What you have to do =>
The expected response is the full listing, retyped exactly, without its images.

Given data =>
☆ ☆ ☆ ☆ ☆

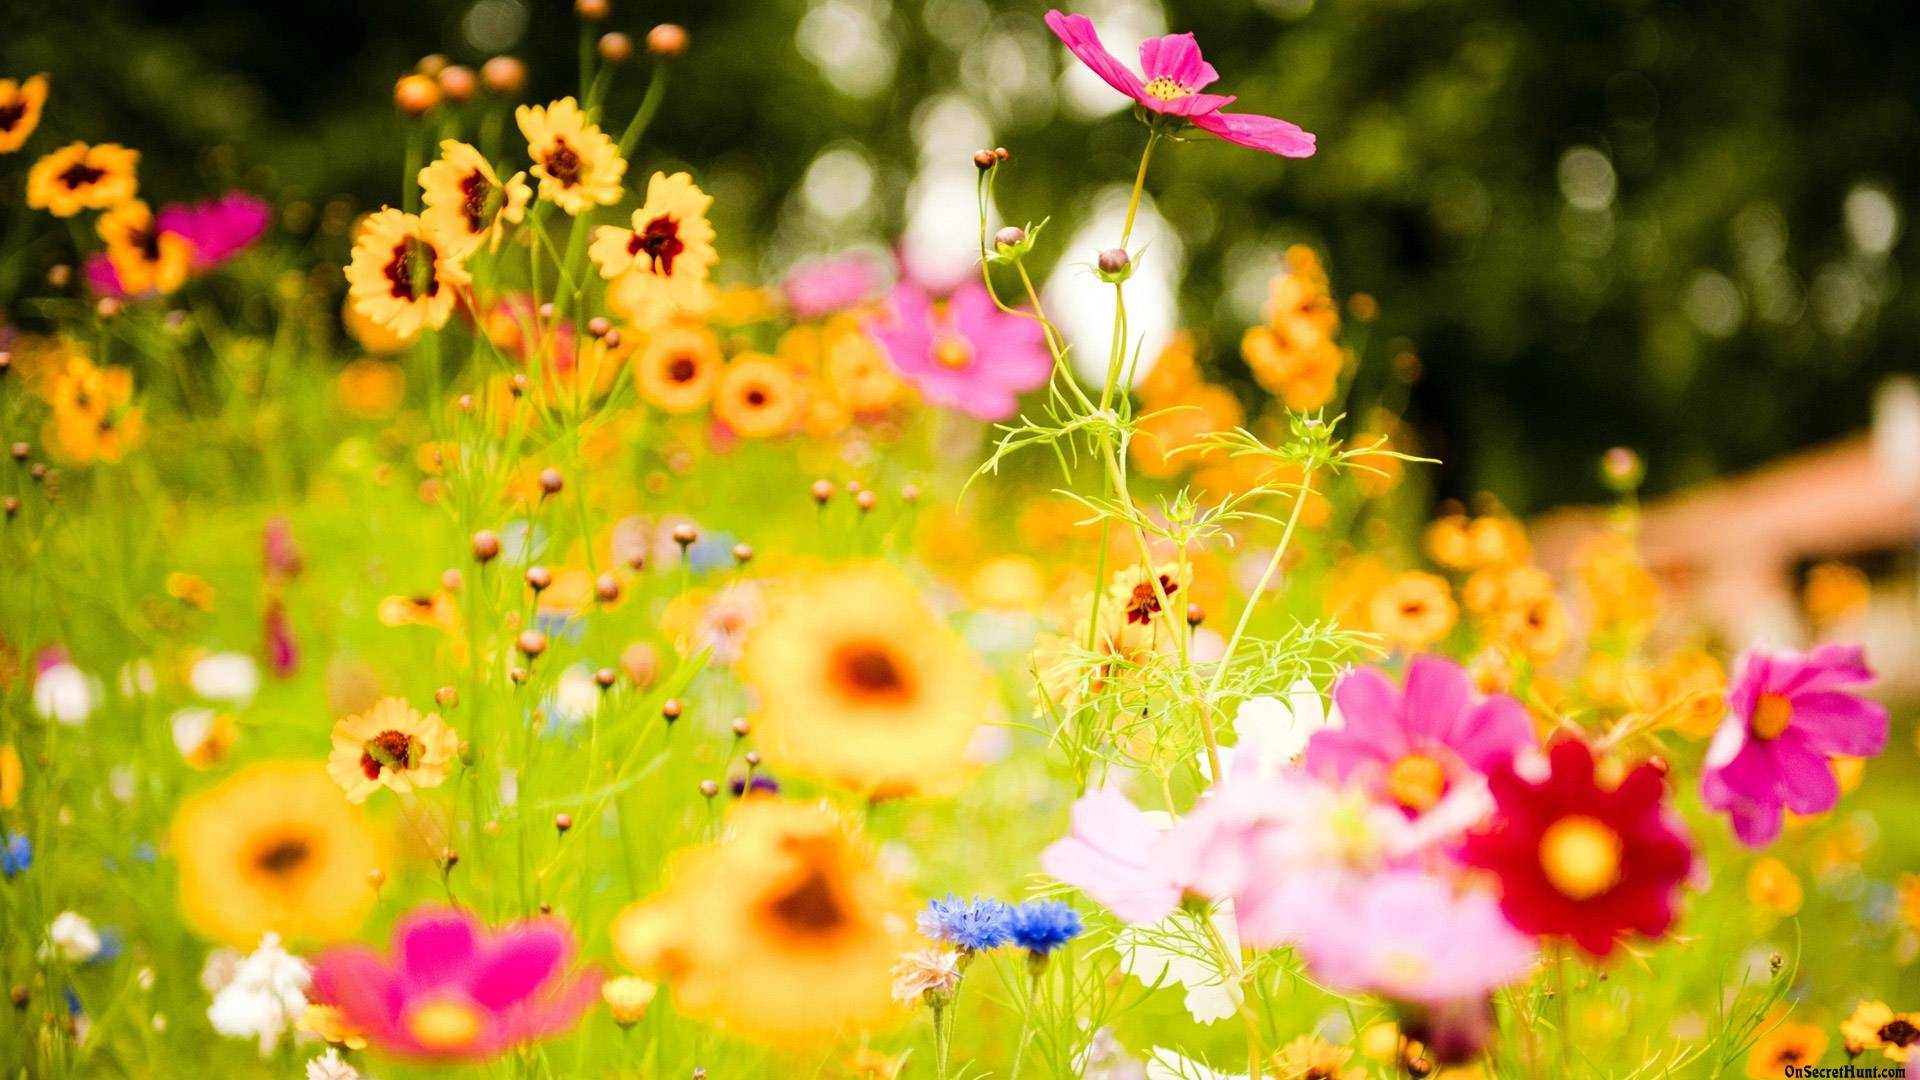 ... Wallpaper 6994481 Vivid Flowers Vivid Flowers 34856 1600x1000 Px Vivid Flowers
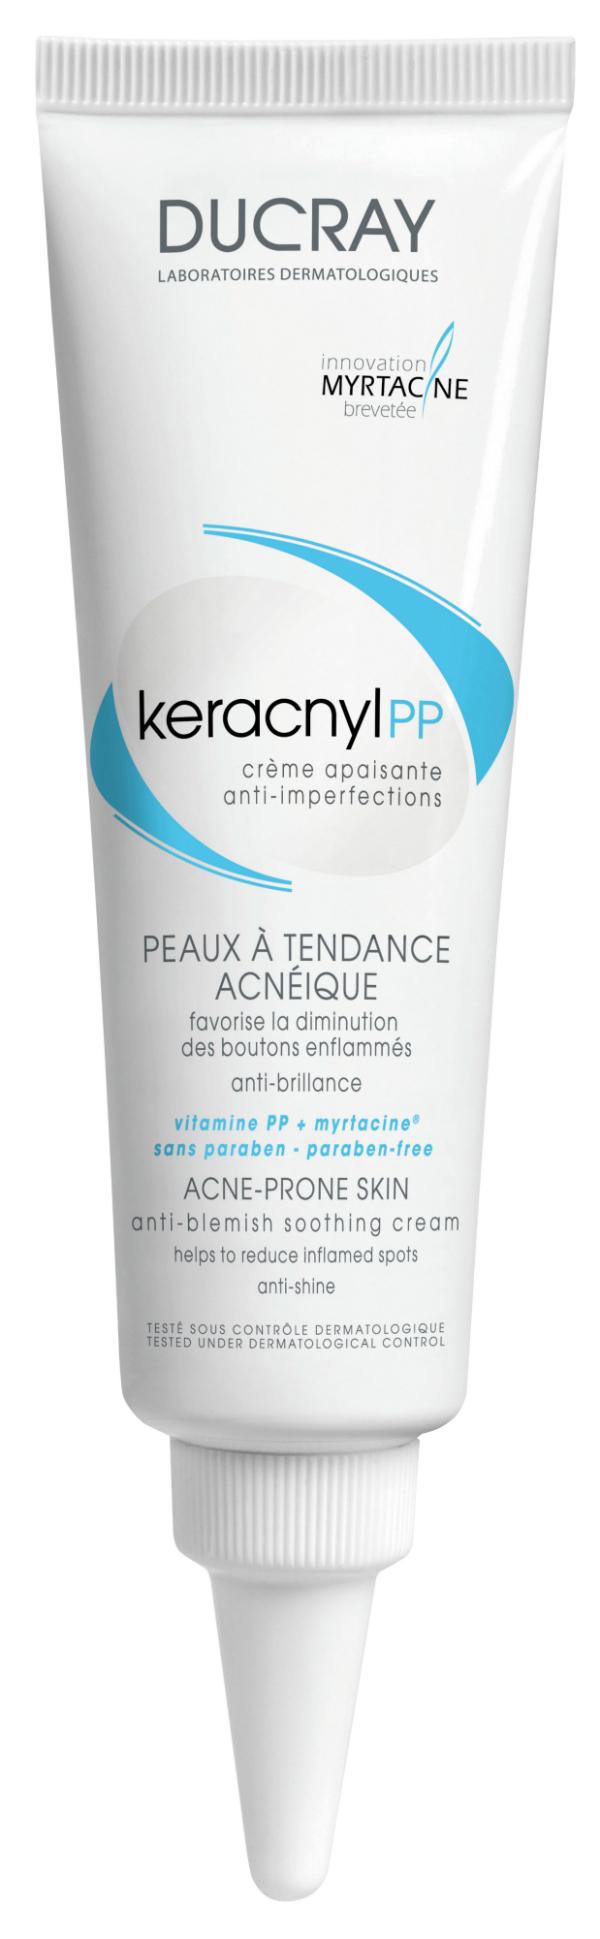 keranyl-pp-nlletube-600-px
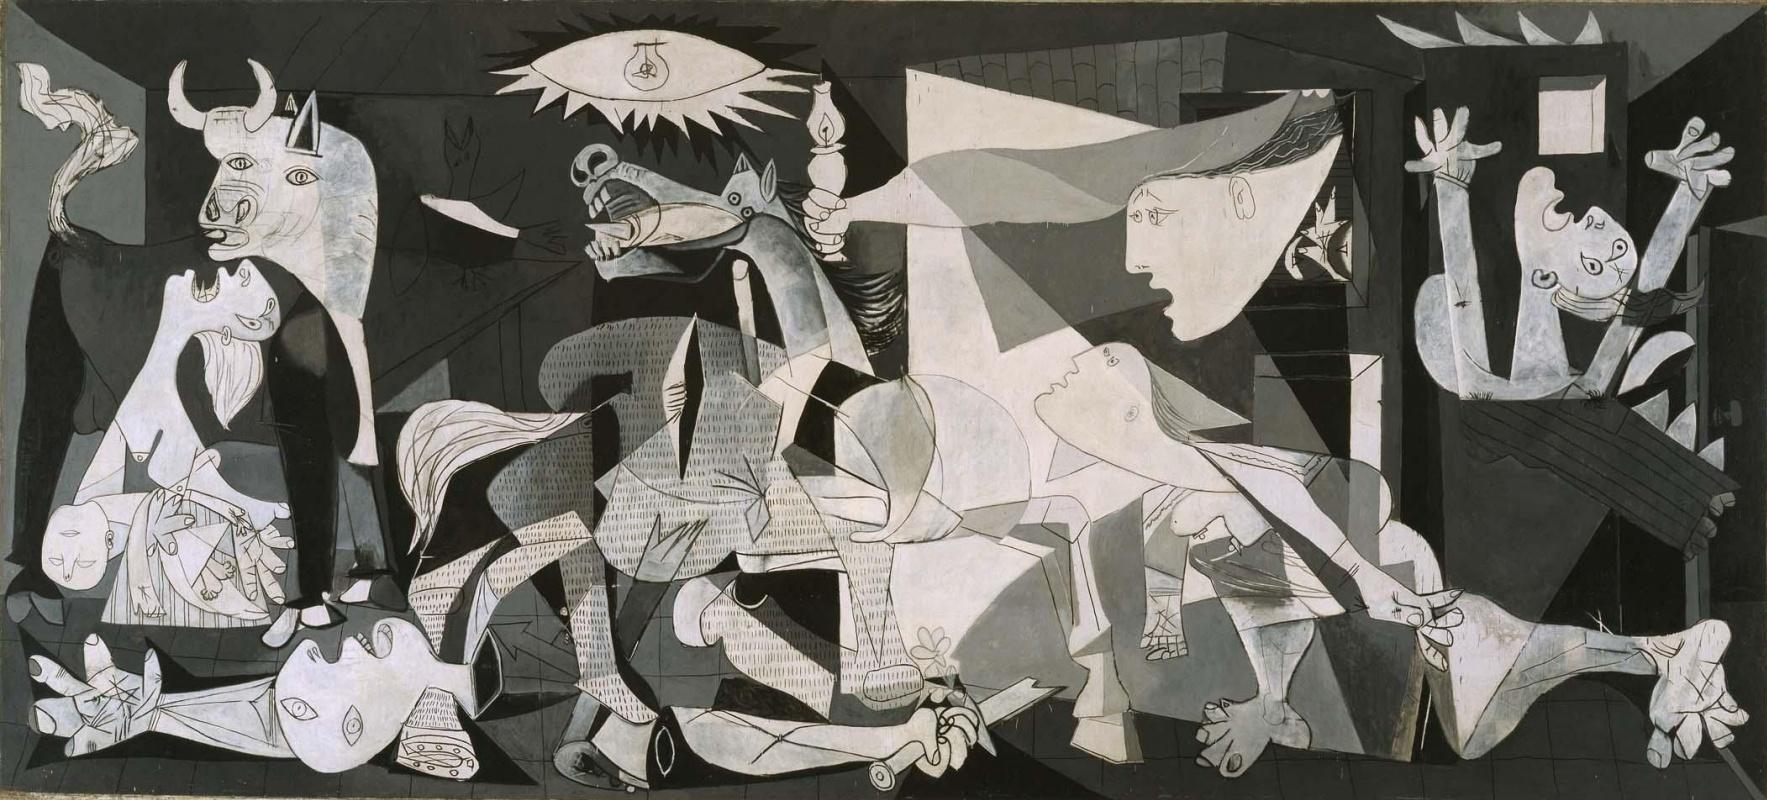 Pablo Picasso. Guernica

☆ ☆ ☆ ☆ ☆

Solution for this exercise =>
 ... Wallpaper 6994481 Vivid Flowers Vivid Flowers 34856 1600x1000 Px Vivid Flowers
 keranyl-pp-nlletube-600-px
 Pablo Picasso. Guernica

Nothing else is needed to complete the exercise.